Но я вдруг вспоминаю про Робби, вспоминаю, каково мне было, когда он лежал в больнице, а я дрожала от страха, что он умрет. А через две недели, когда мы вернулись домой такие радостные, на стене гостиной нас встретила отвратительная надпись кровавой краской.
– Вы абсолютно правы, – говорю я. – И никаких «но». Прежде всего безопасность детей. Кирсти живет, кажется, в Слейтфорде, в доме напротив «Теско экспресс».
– Позвоню в школу и возьму точный адрес.
– Спасибо. Вы сообщите что и как?
– Конечно.
– Да, и насчет отпечатков. Мы с детьми можем заехать завтра.

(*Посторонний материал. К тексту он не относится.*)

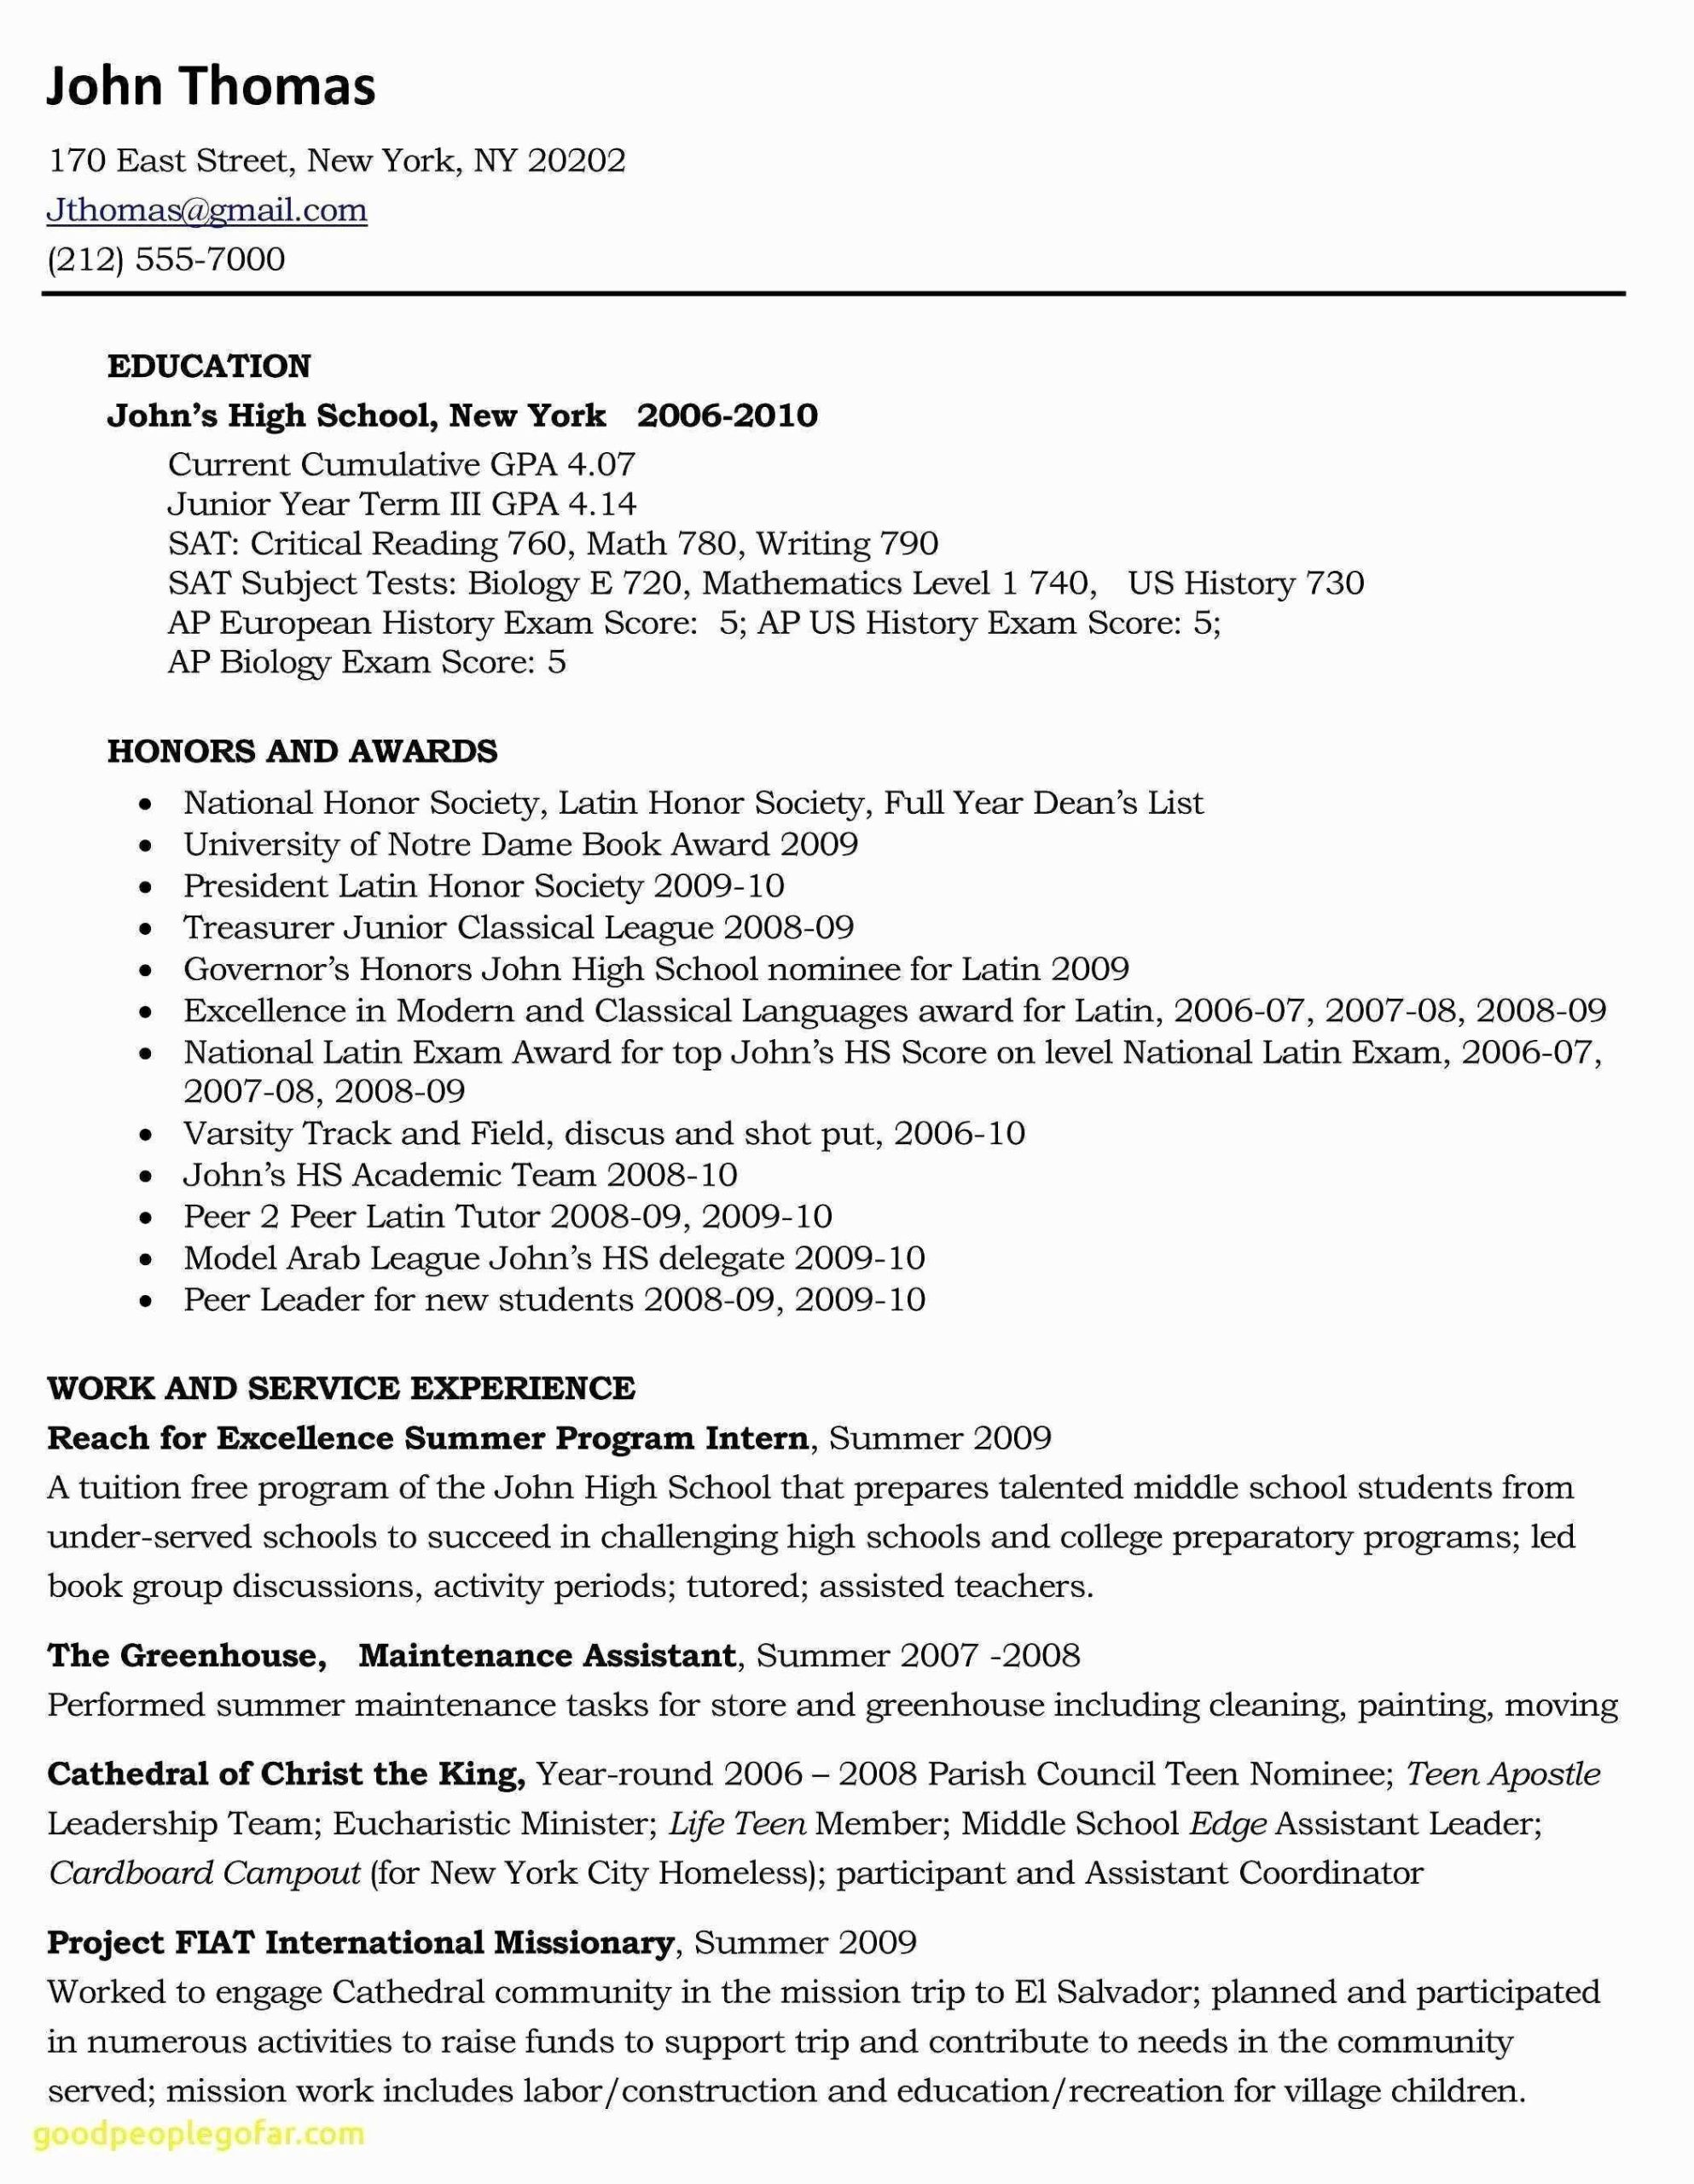 Sample Resume Objective Statements for High School Students Business Administration Level 3 Mock Test – Bunsis
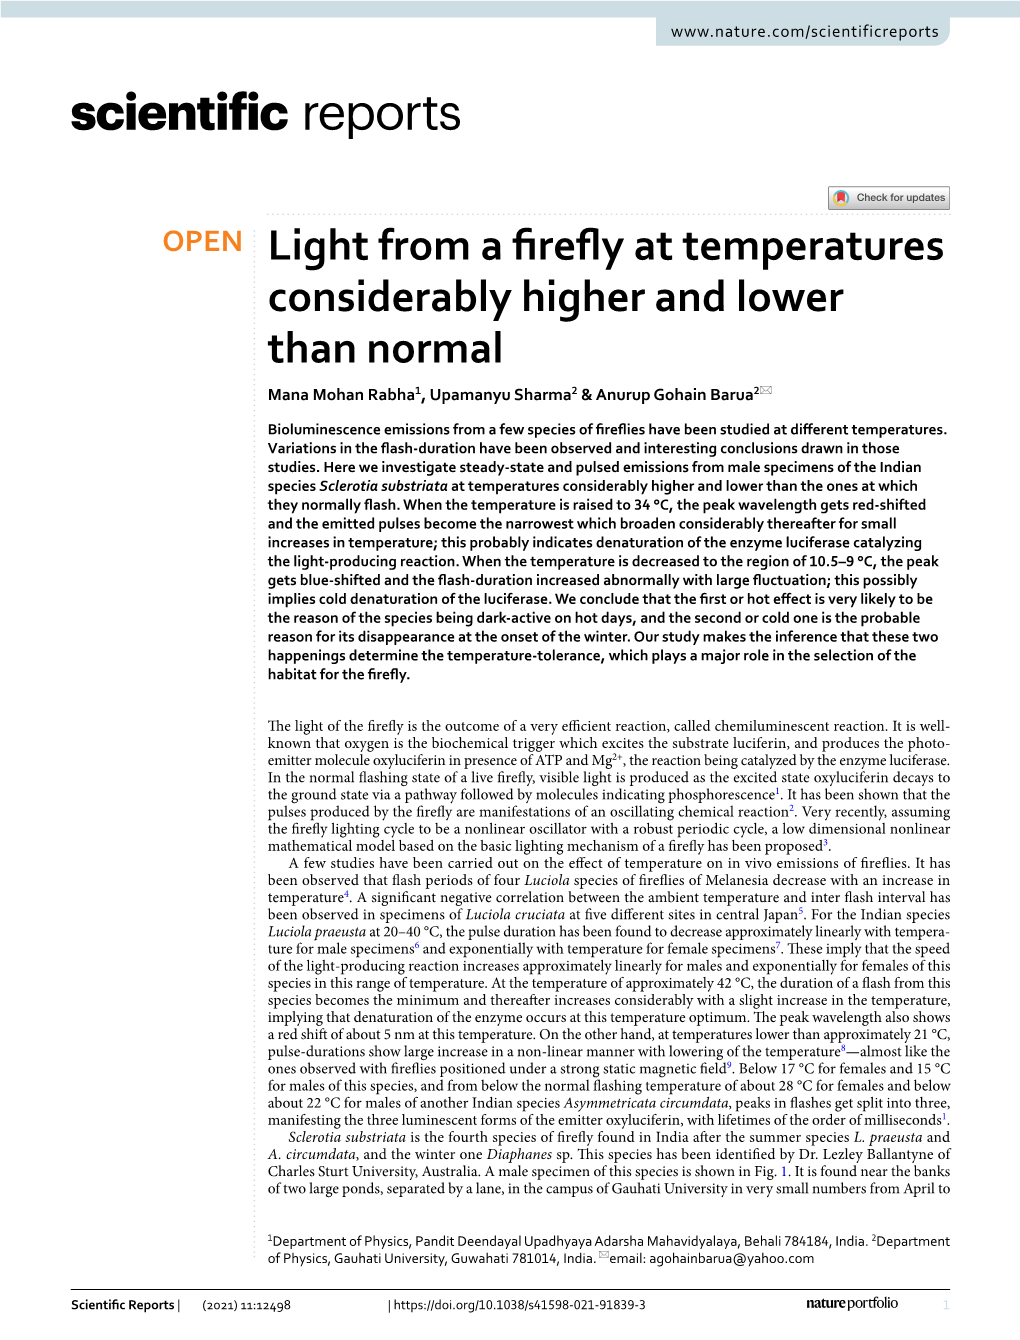 Light from a Firefly at Temperatures Considerably Higher and Lower Than Normal

– А сегодня, где-нибудь вечерком?
– Робби и Лорен сейчас с друзьями, а я тороплюсь в центр реабилитации. По вторникам и четвергам мое дежурство.
– Понятно. Тогда завтра во сколько?
– Можно после шести? Или поздно? Просто по средам у детей чаепитие с Филом.
– Нет, нормально.
– Спасибо. И простите, что подвела вас сегодня. Не знаю, как я умудрилась забыть.
– Просто думали не о том, о чем надо. – Он выдерживает секундную паузу, со значением, и я понимаю, что последует вопрос. – А в субботу, когда вы выходили из дома, тоже думали про Сэнди Стюарт?
– Да, – неохотно отвечаю я.
– А мне почему не сказали?
– Полагала, все это звучит неубедительно, притянуто за уши. Совсем не ожидала, что обернется правдой. Тогда я еще считала, что ребенок Сэнди умер. Молилась, что бы подозрения оказались моей фантазией.
– Так. В следующий раз, что бы вам ни показалось убедительным или неубедительным, притянутым за уши или еще за что-нибудь, знайте, надо немедленно сообщить мне.
– Да, я поняла. Простите.
Чувствую, что краснею. Кажется, получила хорошенький нагоняй. Закончив разговор, минуту сижу неподвижно и жду, когда щеки остынут. Конечно, он прав, нельзя ничего утаивать, но во всем этом столько личного, что трудно быть до конца откровенной.